On point 3, it might be practical to generate these tables “ad hoc” based on a limited number of possibilities and observations, rather than have one terrifying master table of \(\alpha\) scores.
On point 2… I think a graph (as in graph theory) of observations and interpretations might work here. It would allow observations to “interact” and add up to more of the sum of their parts, just as observations would in a geologist’s brain.
With something like this, the total \(\alpha\) would be calculated using an algorithm that takes into account both the observation node scores as well as the connection strength between them.

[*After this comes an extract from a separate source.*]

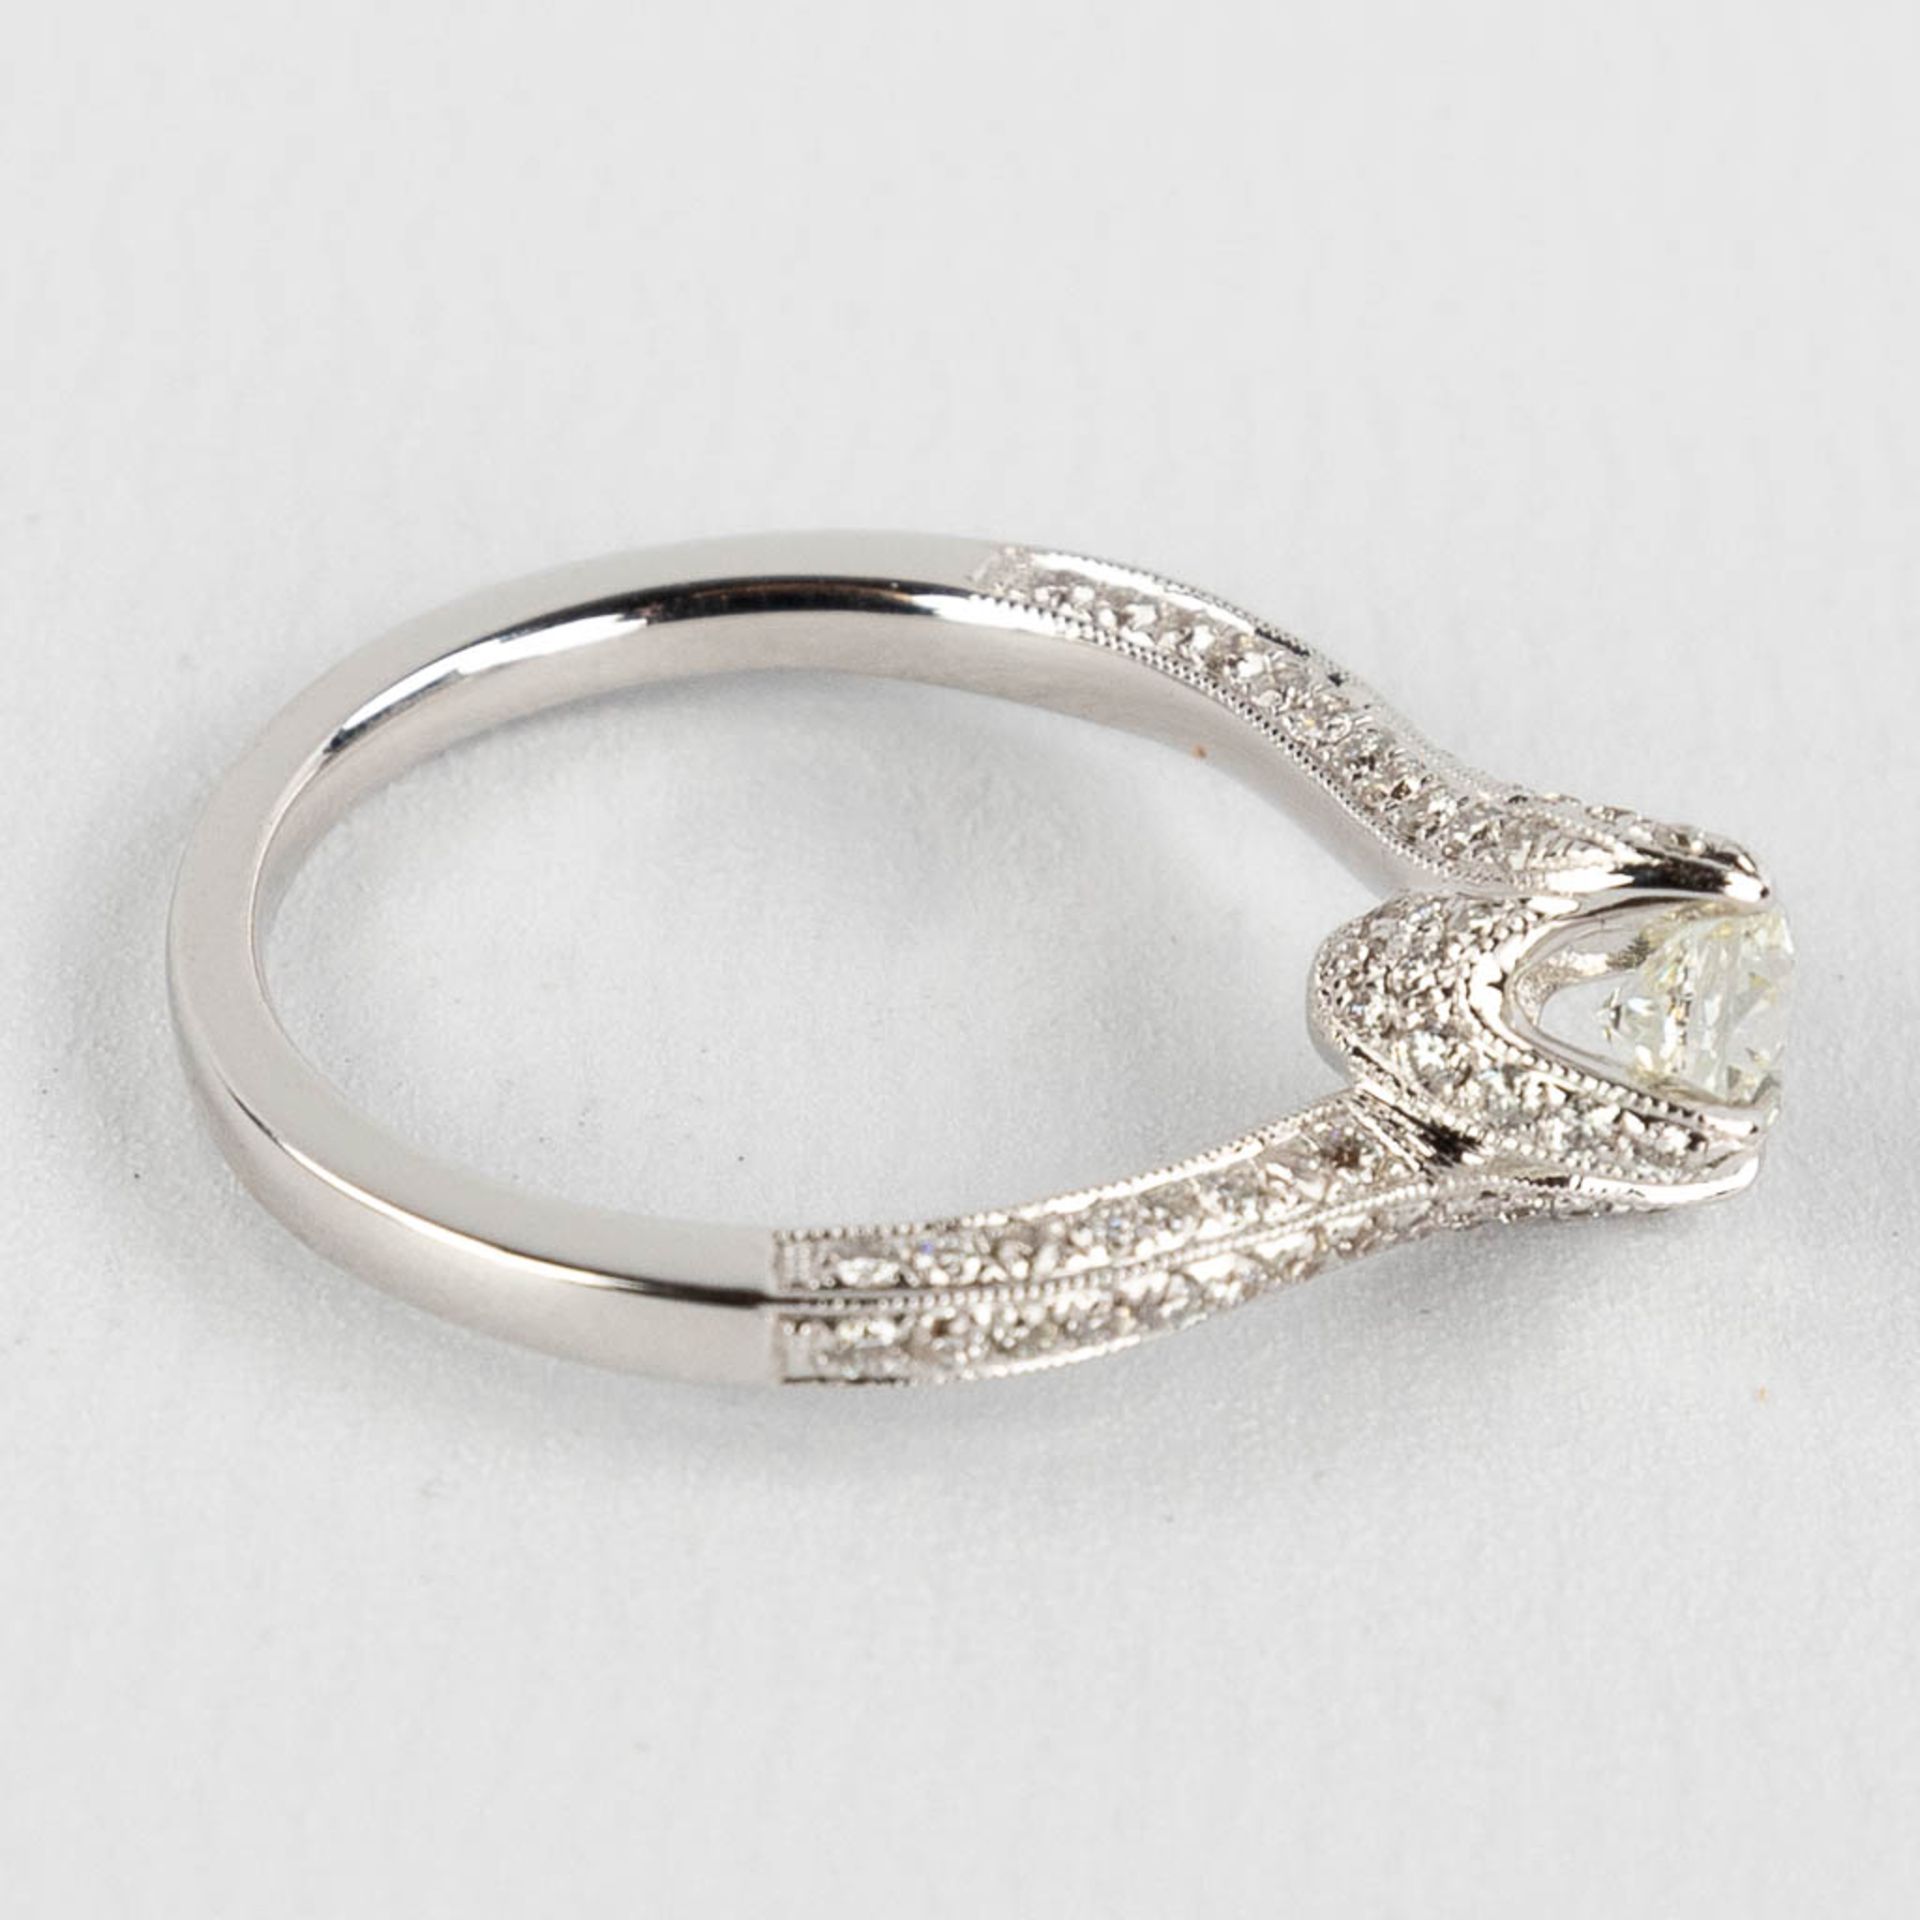 A ring, white gold with brilliant cut diamonds, central stone approximately 0,5ct, total appr. 0,53c - Image 4 of 10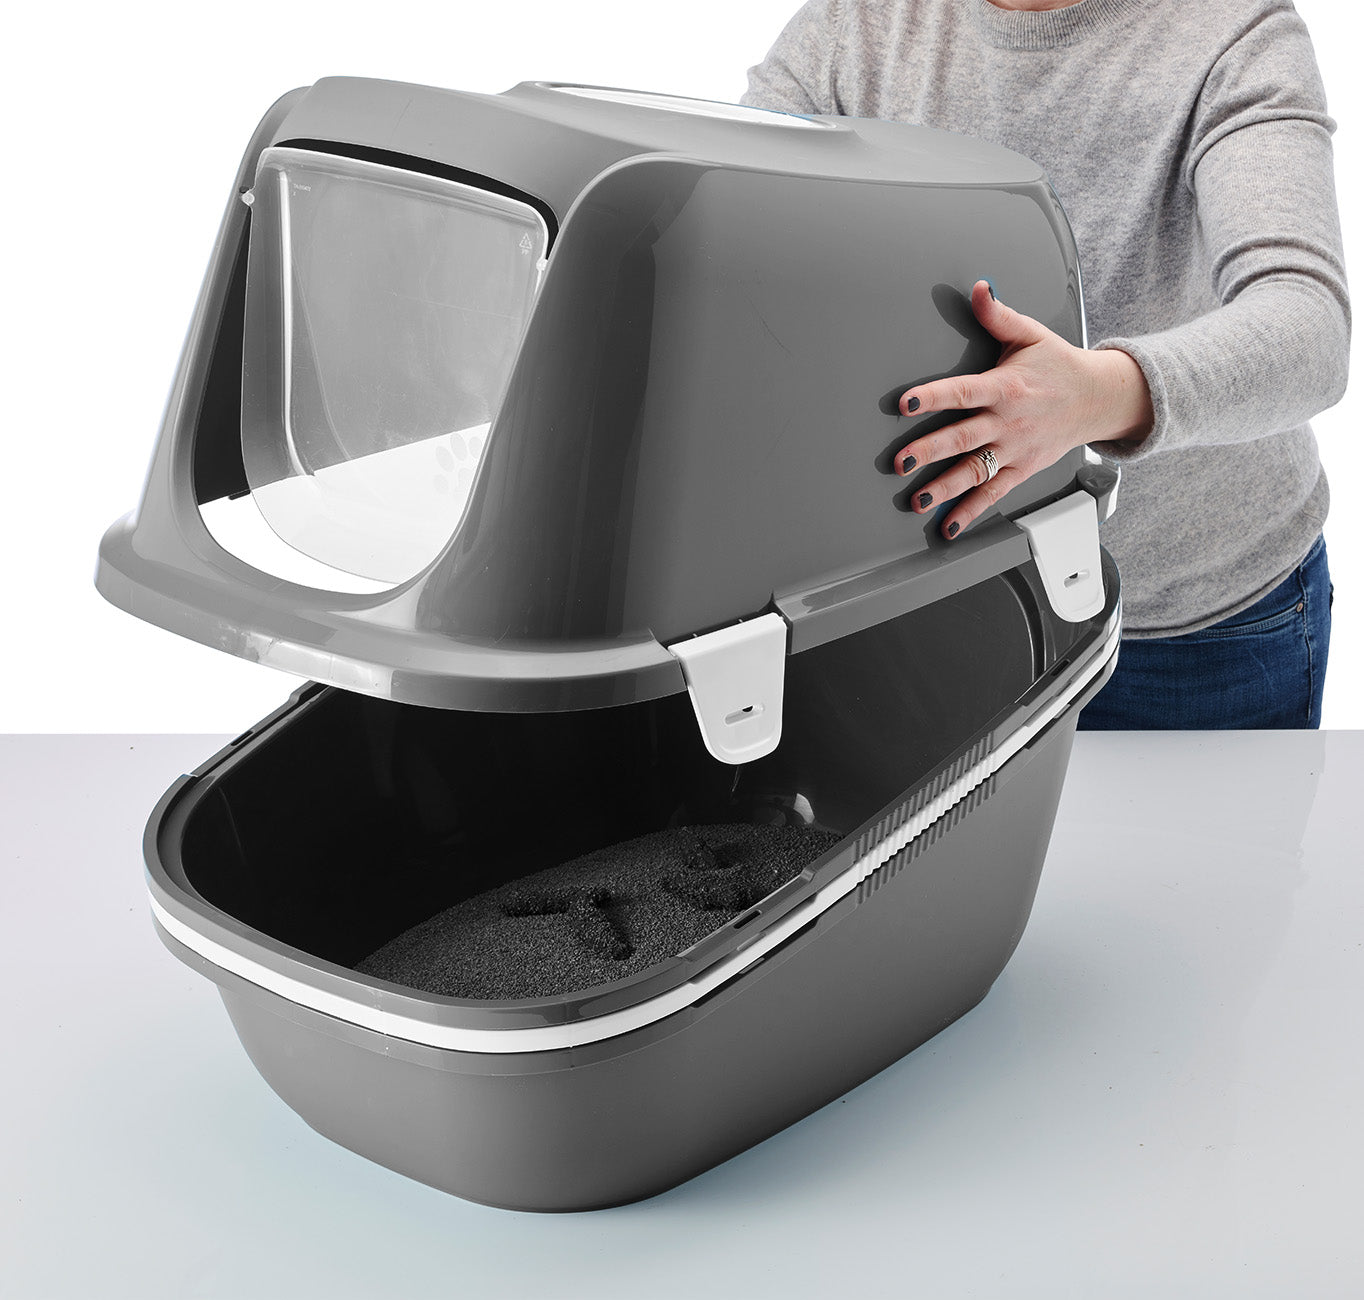 Lux | Hooded litter box with carbon filter for odour control

A directed graph would also allow the ability to capture the sequencing of observations. A pattern matching algorithm could find subgraphs that belong to these kind of compound observations and incorporate them into the \(\alpha\) scores. Anyway, this is all just words, I don’t have the solution.
So you see… it’s a simple matter of setting all the alpha scores for every observation, for every depositional environment, all the connections between those observations, and all the edge weights of those connections! Why aren’t people doing this already?
Conclusion
Regardless of some big challenges with implementation, I think this approach shows enough promise that if I was working on these sorts of problems in my day-to-day, I would flesh it out in more detail.
I think LLMs make things that might seem totally impractical now more feasible. Insofar as geological interpretation is an associative language game, LLMs are already far better at it than any human. Insofar as it isn’t, and actually requires a causal model of the systems involved, LLMs probably aren’t there yet, and hopefully never will be (so us humans have something to do in the future). Working together, an LLM agent that can reason about these observations and access the model to run the numbers could create a collaborative expert system for geologists to use that would have been science fiction just a few years ago.
I should point out that this process is applicable outside of geology. It can be applied to any argument over discrete hypotheses—you just associate the points people make in support of the options with numbers and then update the distribution over them accordingly. It’s essentially a pros and cons list for nerds. So, next time you’re in an heated political argument at the dinner table, politely request an \(\alpha\) vector from your conversation partners and allocate probabilities. I’m sure it will work out great. The future is so bright!
I might follow this up with another post if some more ideas hit me.